Situs Dewasa Terinfeksi Malware, Pengguna Windows Terancam

Hampir Seluruh Situs Dewasa Terinfeksi Malware, Miliaran Pengguna Windows Terancam

NESABAMEDIA.COMHampir seluruh situs film dewasa yang ada di internet saat ini diketahui terinfeksi iklan yang didesain sedemikian rupa, untuk mengarahkan perangkat Windows dan MacOS ke malware. Diperkirakan, ada sekitar miliaran pengguna Windows dan MacOS yang terancam oleh malware berbahaya yang ada di situs dewasa tersebut.

Sejumlah pakar keamanan siber memperingatkan, bahwa hampir seluruh situs dewasa termasuk yang sudah memiliki nama besar, telah terinfeksi iklan berbahaya tersebut. Serangan dari malware berbahaya itu dilaporkan secara teknis telah menjangkiti seluruh situs yang menyediakan konten-konten dewasa.

Diketahui, kelompok peretas yang ada di balik serangan malware pada situs dewasa itu menyebut diri mereka dengan nama Malsmoke. Dalam kurun waktu selama beberapa bulan terakhir, para pakar keamanan siber telah melakukan pengamatan pada kelompok peretas tersebut. 
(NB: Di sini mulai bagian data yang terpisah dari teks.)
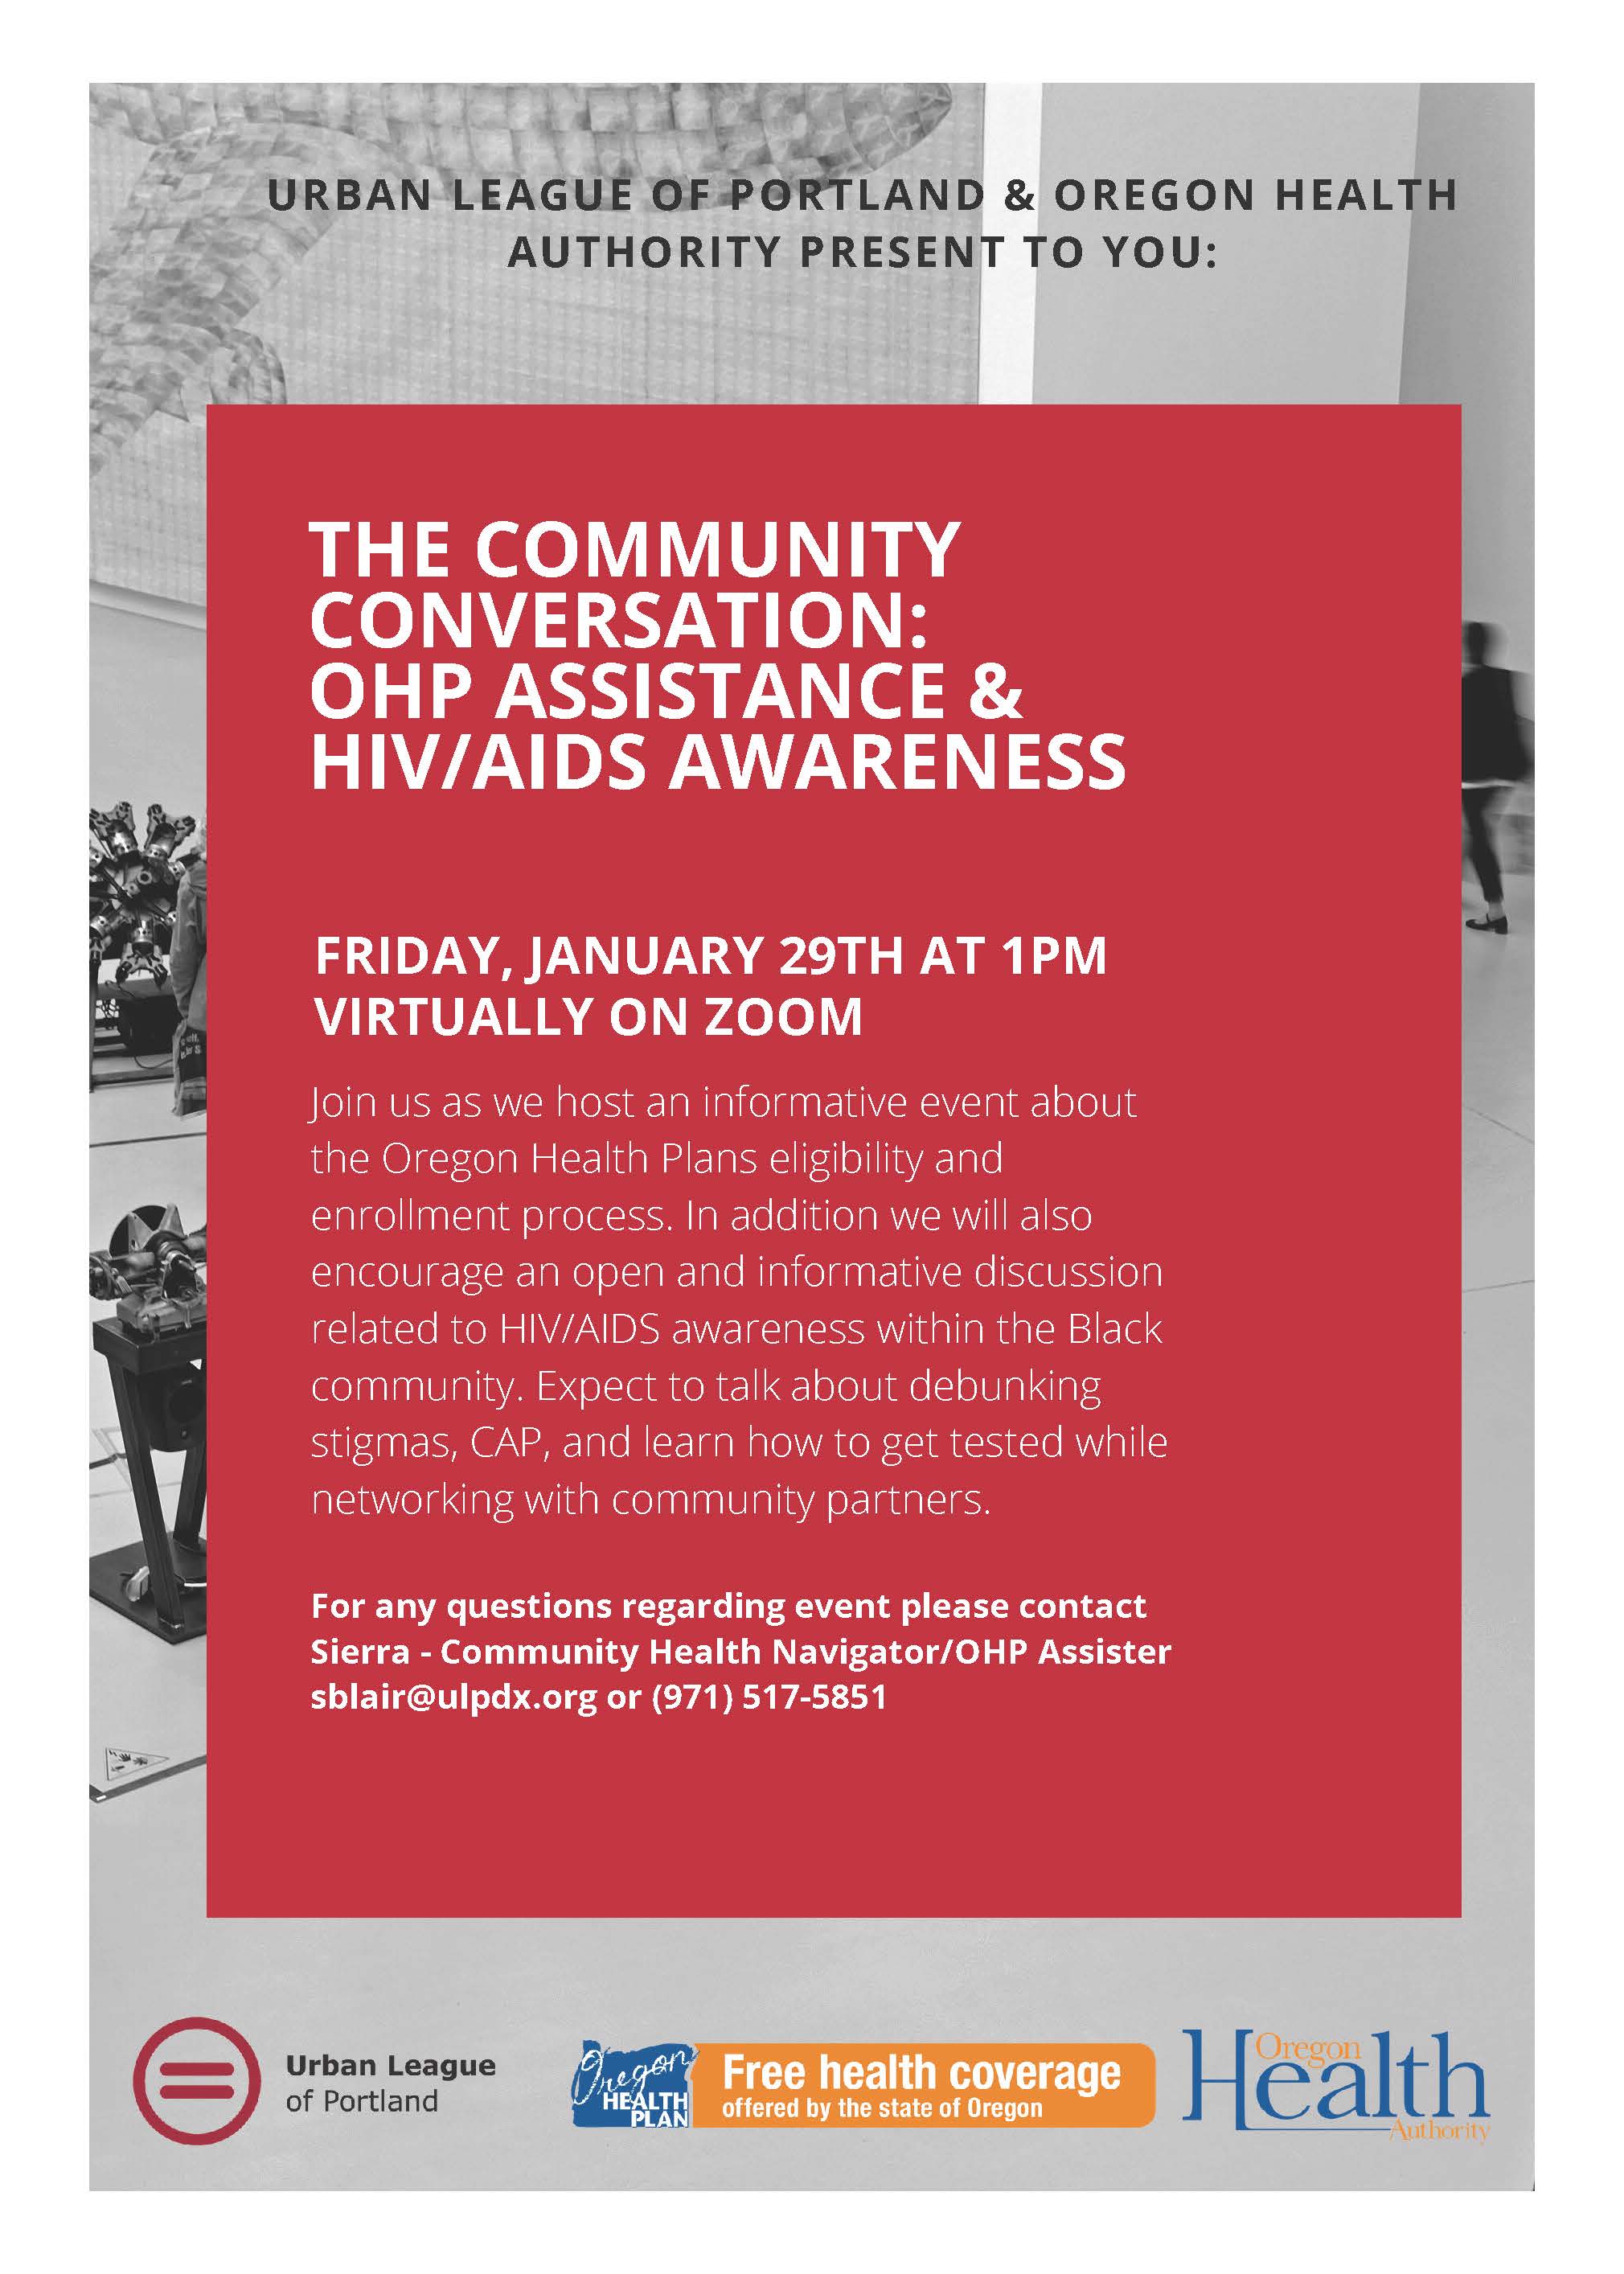 Please join the Urban League of Portland OHP Assister for a community discussion on January 29th.  This will be the first of many Community Conversations led by the Urban League focused on Health.  The topics that will be discuss are OHP, HIV education, Breast Cancer and COVID impacting the Black community.    This event is in collaboration with Oregon Health Authority's Black/African American Community Outreach and Engagement Coordinator. This forum is an informal way to keep our community connected with H

Modusnya, mereka memasang iklan yang memiliki kode redirect ke situs malware mereka. Begitu pengguna melakukan klik pada iklan tersebut, malware secara otomatis akan menyerang perangkat Windows maupun MacOS yang digunakan untuk mengakses. Meski bekerja dalam skala kecil, namun dampak yang ditimbulkan oleh kelompok Malsmoke itu cukup besar dan serius.

Berdasarkan catatan yang dimiliki oleh Malwarebytes, Malsmoke telah mendapatkan banyak sekali ‘jackpot’ atau keuntungan besar begitu malware ciptaan mereka menginfeksi perangkat Windows korbannya. Salah satu situs dewasa terbesar yang menjadi sarang malware buatan Malsmoke tersebut yakni, xHamster.
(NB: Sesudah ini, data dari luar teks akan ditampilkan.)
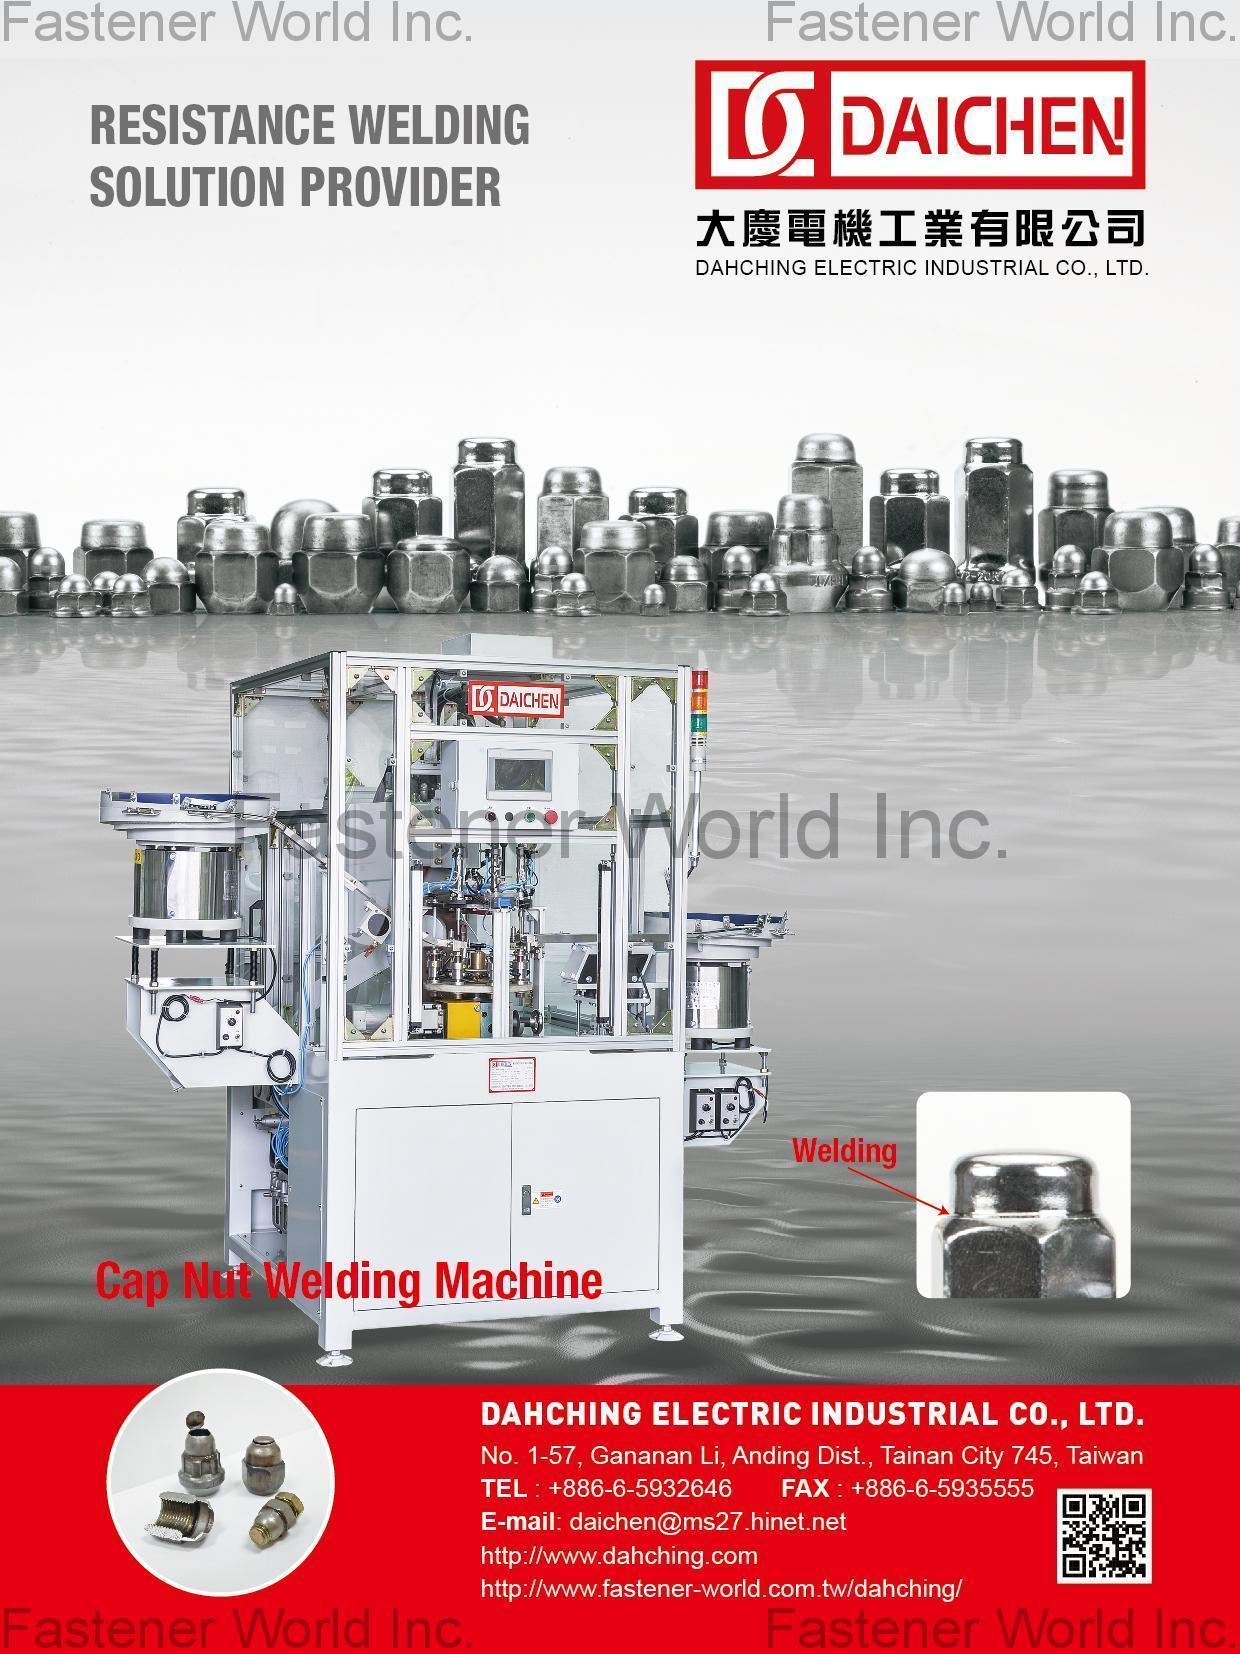 DAHCHING ELECTRIC INDUSTRIAL CO., LTD. ,  Dahching Electric Industrial Co., Ltd. is an experienced Welding Machine manufacturer specializing in customized production of Resistance Welding Machines for custom applications such as:Cap Nut Welding Machine, Grating Welding Machine, Spot Welding Machine, Projection Welding Machine, Seam Welding Machine, Flash Butt Welding Machine / Butt Welding Machine , Welding Machines

Apa yang dilaporkan oleh Malwarebytes itu memang sukar untuk ditampik. Pasalnya seperti yang sudah diketahui, situs konten dewasa selama ini memang dikenal memiliki trafik pengunjung yang sangat masiv. Trafik pengunjung yang dihasilkan situs dewasa bisa mencapai miliaran setiap bulannya. 

Apalagi kecenderungan para pengunjung konten dewasa ini, mudah tertarik atau diimingi-imingi oleh konten yang agresif. Ditambah lagi, pengetahuan mengenai penggunaan komputer yang masih minim, sehingga sangat rentan sekali terinfeksi oleh malware yang disisipkan orang tidak bertanggung jawab.

Lebih lanjut, modus dari Malsmoke itu memanfaatkan aplikasi flash player untuk mengirimkan malware mereka ke perangkat pengguna. Dan flash player ini masih banyak digunakan oleh pengguna dengan perangkat yang jadul atau tidak pernah mendapatkan pembaruan.

Sementara di sisi lain, Microsoft telah seringkali memberikan peringatan bahwa penggunaan flash player di browser sangat rentan mendapatkan serangan siber. Meskipun sudah banyak pengguna Windows maupun Mac yang beralih ke browser yang lebih modern, namun mereka yang masih bertahan dengan browser jadul seperti Internet Explorer, jumlahnya juga masih sangat banyak.